Spatio-temporal development of suberized barriers in cork oak taproots

Abstract

Abstract The longevity and high activity of the cork cambium (or phellogen) from Quercus suber (cork oak) are the cornerstones for the sustainable exploitation of a unique raw material. Cork oak is a symbolic model to study cork development and cell wall suberization, yet, most genetic and molecular studies on these topics targeted other model plants. In this study we explored the potential of taproots as a model system to study phellem development and suberization in cork oak, avoiding the time constraints imposed when studying whole plants. In roots, suberin deposition is found in mature endodermis cells during primary development and in phellem cells during secondary development.
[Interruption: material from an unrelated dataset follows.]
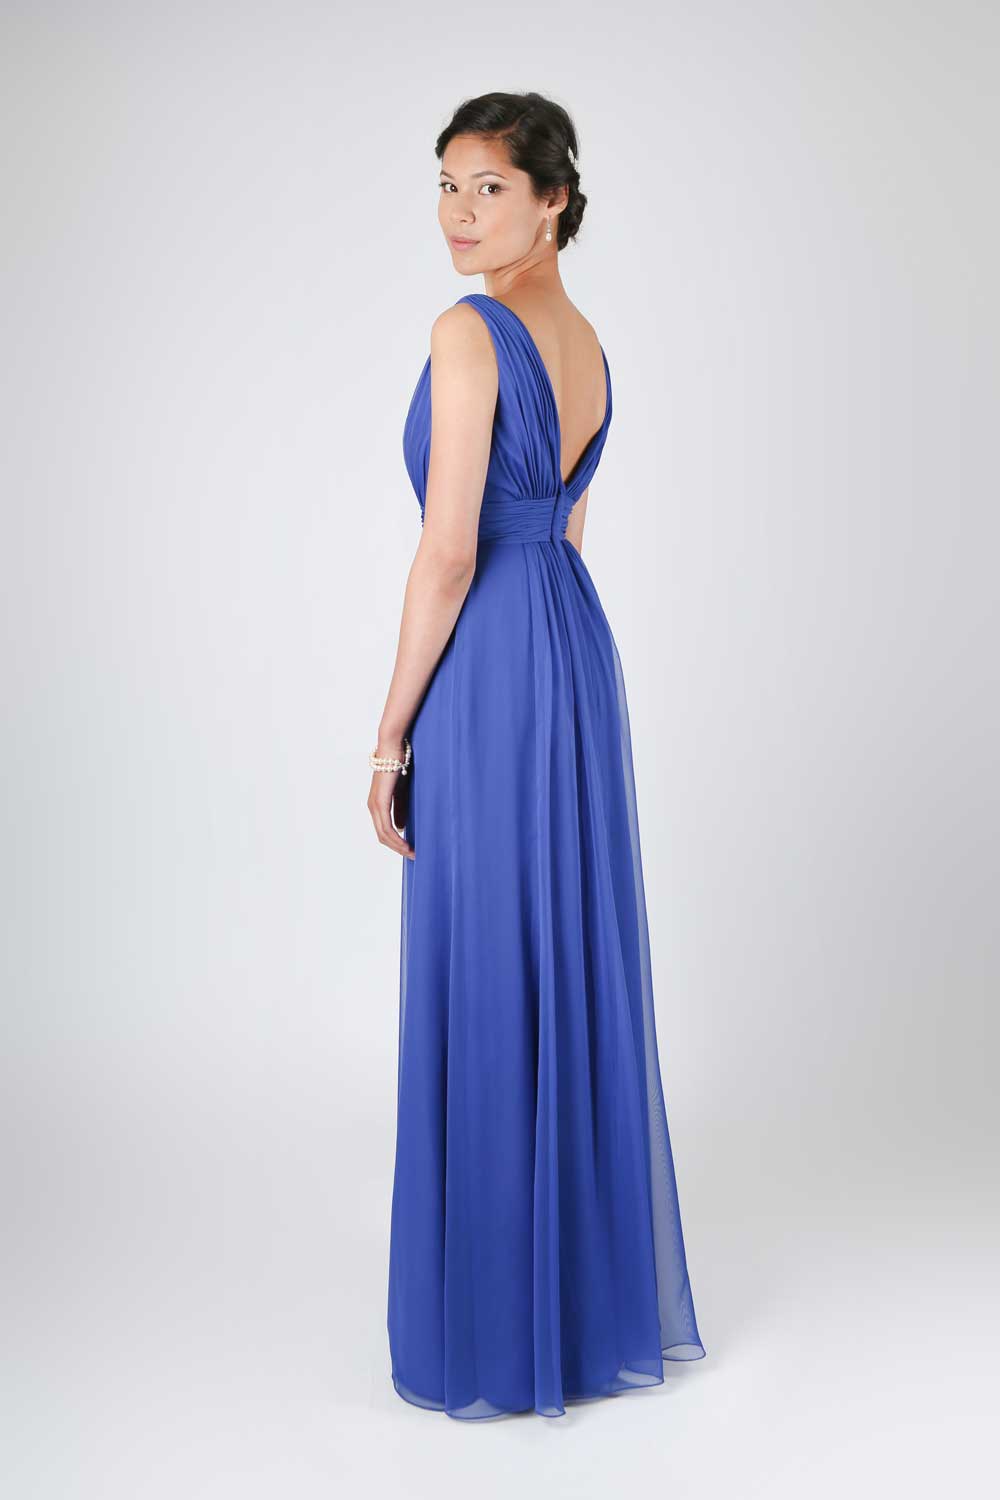 Bridesmaid dress with tapered shoulders

By investigating the spatio-temporal characteristics of both endodermis and phellem suberization in young seedling taproots, we demonstrated that secondary growth and phellogen activity initiates very early in cork oak taproots (approx. 8 days after sowing). We further compared the transcriptomic profile of root segments undergoing primary (PD) and secondary development (SD) and identified multiple candidate genes with predicted roles in cell-wall modifications, mainly lignification and suberization, in addition to several regulatory genes, particularly transcription factor and hormone-related genes. Our results indicate that the molecular regulation of suberization and secondary development in cork oak roots is relatively conserved with other species. The provided morphological characterization creates new opportunities to allow a faster assessment of phellogen activity (as compared to studies using stem tissues), and to tackle fundamental questions regarding its regulation.